Version 1.0 | Streamlined Architecture
TL;DR: The Five Pillars of This Baseline
- Risk-Tiered Decision Boundaries: Categorize every intent as Low, Medium, or High risk. Automate low-risk fully, gate medium-risk with verification, escalate high-risk to humans.
- Two-Agent Streamlined Core Chain: Guard Agent (policy enforcement) → Orchestrator Agent (classify + plan + respond + validate). Optimized for enterprise latency requirements.
- Read-First, Write-Later Tool Philosophy: Start with read-only tools in Phase 1. Introduce write actions only in Phase 3, with verification gates and audit trails.
- Evals Before Launch: Build a golden dataset, define accuracy thresholds, and get sign-off metrics before going live.
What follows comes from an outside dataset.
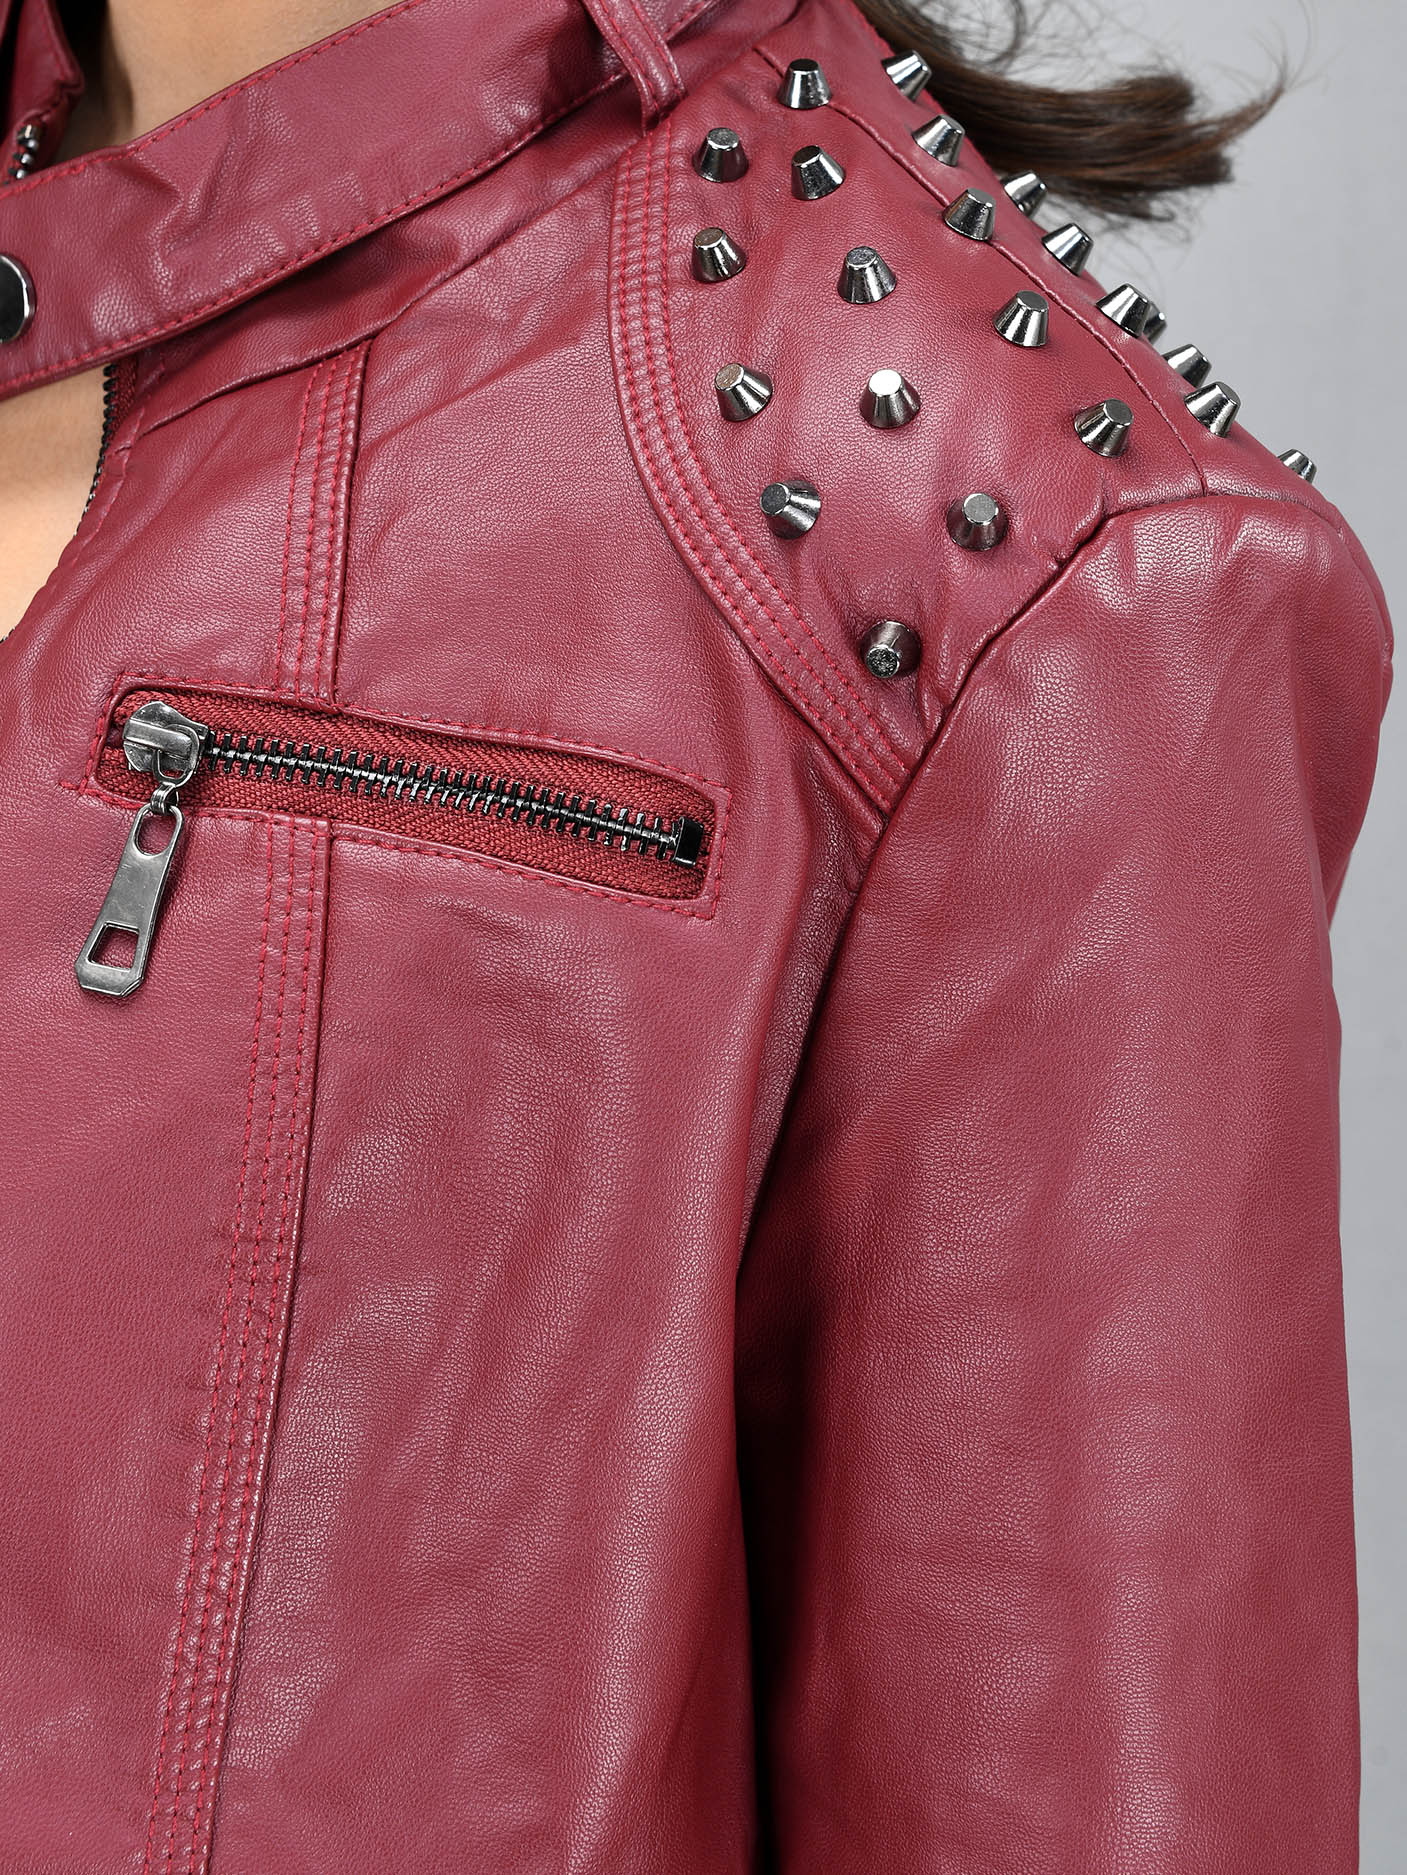 Studded Leather Jacket - Maroon

No evals = no production.
- Human Escalation as a Feature, Not a Failure: Escalation triggers are configurable guardrails that protect the business and the customer. Design for graceful handoffs.
Introduction
This document proposes a baseline standard for the minimum requirements of an end-to-end agentic system for customer chat operations. It is not intended as a complete specification, but as a starting point for teams building production-grade agentic support systems.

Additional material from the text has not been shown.